Welcome to a new series of conversations with artists whose work captures our imaginations and hearts. Here is our first – Vanessa Stockard.
Vanessa Stockard is an Australian contemporary artist. Her painting has shown across Australia and the world. She takes the every day, gives it a whimsical makeover and ties it up with a quizzical bow.

She flirts with the ephemeral – layer cakes and vases of impossibly beautiful flowers. Her series Enchanted embraced the line between a dream world and an edgy reality. Nowadays you’ll usually find Kevin the Kitten there too. He’s the dark smudge with eyes and an Elizabethan collar.
Vanessa is known to take an iconic work and give it the Vanessa Stockard treatment – always with Kevin looking on.
Early life and environment
My grandmother was an amateur painter who always had something on the easel. She was a big part of my life (she lived to 100), and we used to craft and paint together. She was a big motivator. My extremely talented mother studied at Julian Ashton and the National Art School. Our household was interested in classical music, textiles and painting – it was part of our life.
I grew up next to a remnant rainforest with all sorts of animals and moths as big as your hand. That environment was a significant influence.

Studying science at uni, I knew I wanted to be a composer. At boarding school, you had to do your homework, or you got into trouble. I couldn’t study without that rigid structure. My boyfriend, at the time, said: “why don’t you go to COFA?”
Was there an ‘AHA’ moment – when you realised you could support yourself as a professional artist?
About eight years ago, I was having a difficult time emotionally and actually became agoraphobic. During my therapy, my husband suggested I take six months or two years off to paint. I focused my skills, and within six months, I was making money. Filling in my tax return that year realised I had made as much as the dole!
Can you describe your style?
Pop Surreal Impressionism. A mash-up. I touch on Impressionism in how I approach my subjects with a touch of surrealism. The technique also plays a part.
You want to be yourself and nothing is original. Things are gleaned from everywhere. If you just keep going you will find your voice eventually.

For a while, I thought I might have pigeon-holed myself with Kevin. I thought no-one would think of me as a serious artist… but, then everyone wants Kevin. I feel differently now as his role has changed. I can use him now more as a signature.
It still allows me to do whatever I like. It is always a Vanessa Stockard painting because it’s got these tiny eyes in a corner somewhere, but it allows me to do whatever the hell I like…Now when I’m doing someone’s portrait they ask me to put him in there…He’s less than 2% of the painting, and often people’s signatures are bigger than that, but it allows me to go absolutely anywhere. It’s taken some time for me to get my head around it.
Where did Kevin the kitten come from?
I’ve been working with cats for some time – Satan was my first cat that became popular. It must have been 2018 when I saw one of my husband’s socks in the studio – I thought that looks like a kitten. But it’s not a kitten. Perhaps I was sleep deprived with a little kid. Absolute nonsense.

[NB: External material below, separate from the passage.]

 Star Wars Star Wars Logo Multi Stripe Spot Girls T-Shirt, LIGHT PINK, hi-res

Is Kevin an expression of joy?
He is often in ‘what the hell am I doing here?’ situations. He doesn’t come from sadness or loneliness. My (Vanessa Stockard) Instagram followers get upset because I keep putting him in these situations. But I don’t think things should be too sweet. He’s on the edge.
Why the random Elizabethan collar?
I think I had watched Elizabeth that week on Netflix and I think I was putting Elizabethan collars on everything. He’s quirky and not as cerebral as Derek.
Another character – Derek Milkwood
When I was in Uni, I lived in a granny flat near the Gully in Glebe. People told me not to go there – “There’s a rapist” but it was a shortcut to Maccas, and I didn’t know how to feed myself. I thought it’s ok – it’s the middle of the day, and I can run. And I noticed this guy standing in the tall reeds and he was naked, and he used to wave, and I waved back. We never said hi or anything, but I think he just didn’t like to wear clothes. Maybe it was the safest place not to wear clothes. So I started thinking, what would it like to be an outsider? Someone who doesn’t know it’s illegal not to wear clothes.

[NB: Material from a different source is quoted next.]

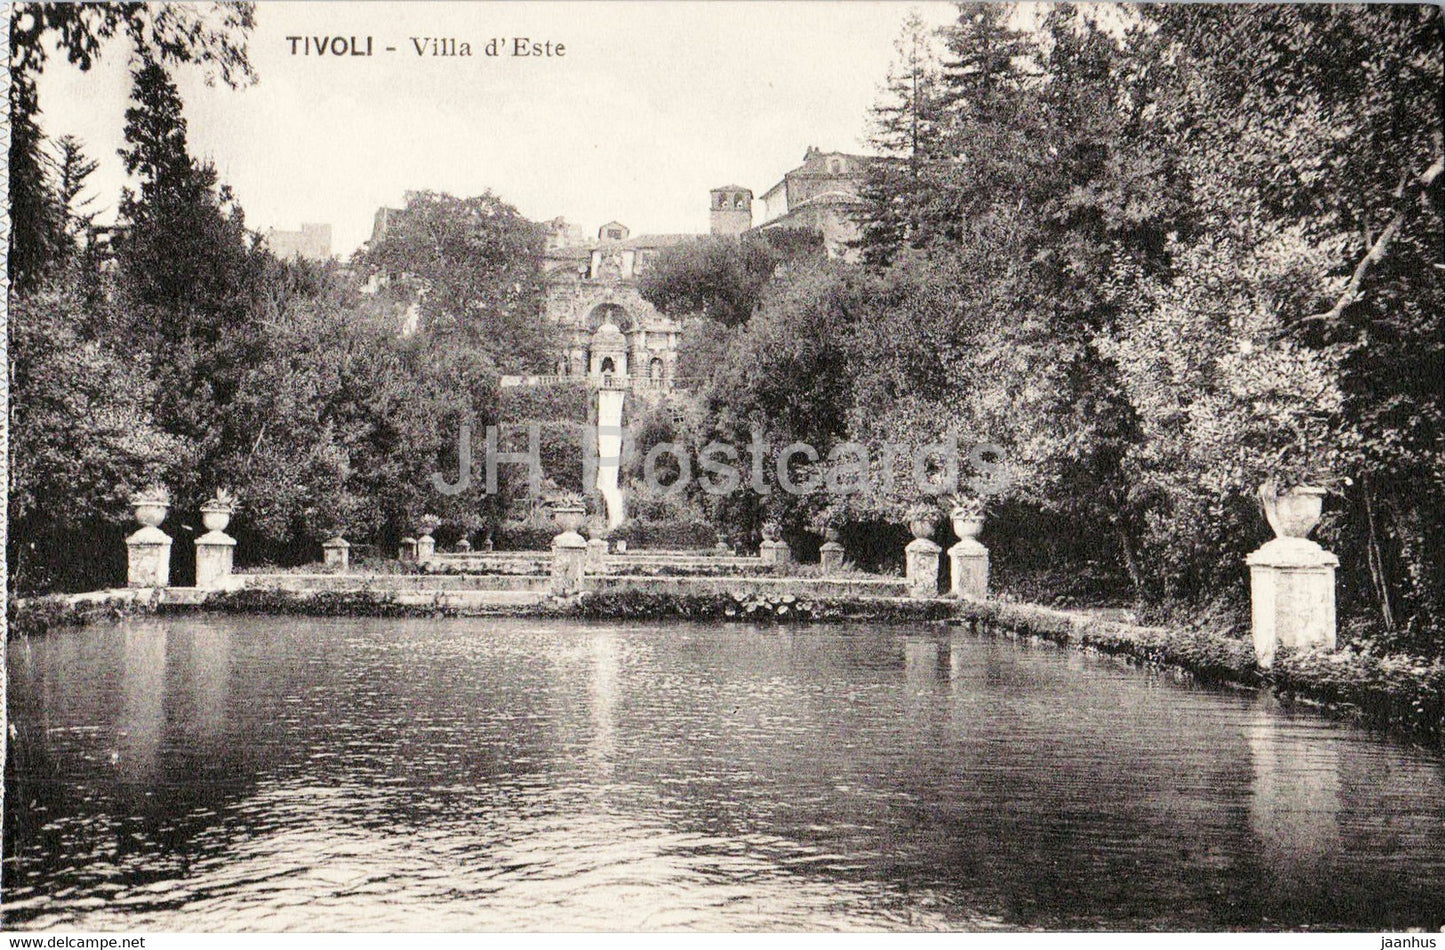 Tivoli - Villa d'Este - 196 - old postcard - Italy - unused - JH Postcards

I’m intrigued by people who are drifters and outsiders. What do they think and what happened to them? Why made them different?
There is a big part of my personality in Derek. There’s a lot of protection there, and I’m interested in people I don’t know. I wanted to be a writer once, and I’d sit in cafes and look at people and give them names and think what do they do, what was the secret bad thing they’ve done. I’ve had a wild imagination. Derek is a kind of a witness.
Technique
I have tried almost everything – I’ve painted on glass, canvas, wood panel and I really love painting on aluminium panel now. I find it hard to go back to painting on anything else, even wood panel. The way you can get the paint to move on that shiny surface. Even wood sucks up paint, but with an aluminium panel, it isn’t going anywhere. To get a beautiful curve on canvas, you have to build up the paint. But with aluminium, you can do it in one sitting.
Preferred medium
I’ve used acrylic, house paint and when I was pregnant and bedridden for seven months, I painted with acrylics in bed. But when she was about 2 1/2, I went back to oils. Straight oil now.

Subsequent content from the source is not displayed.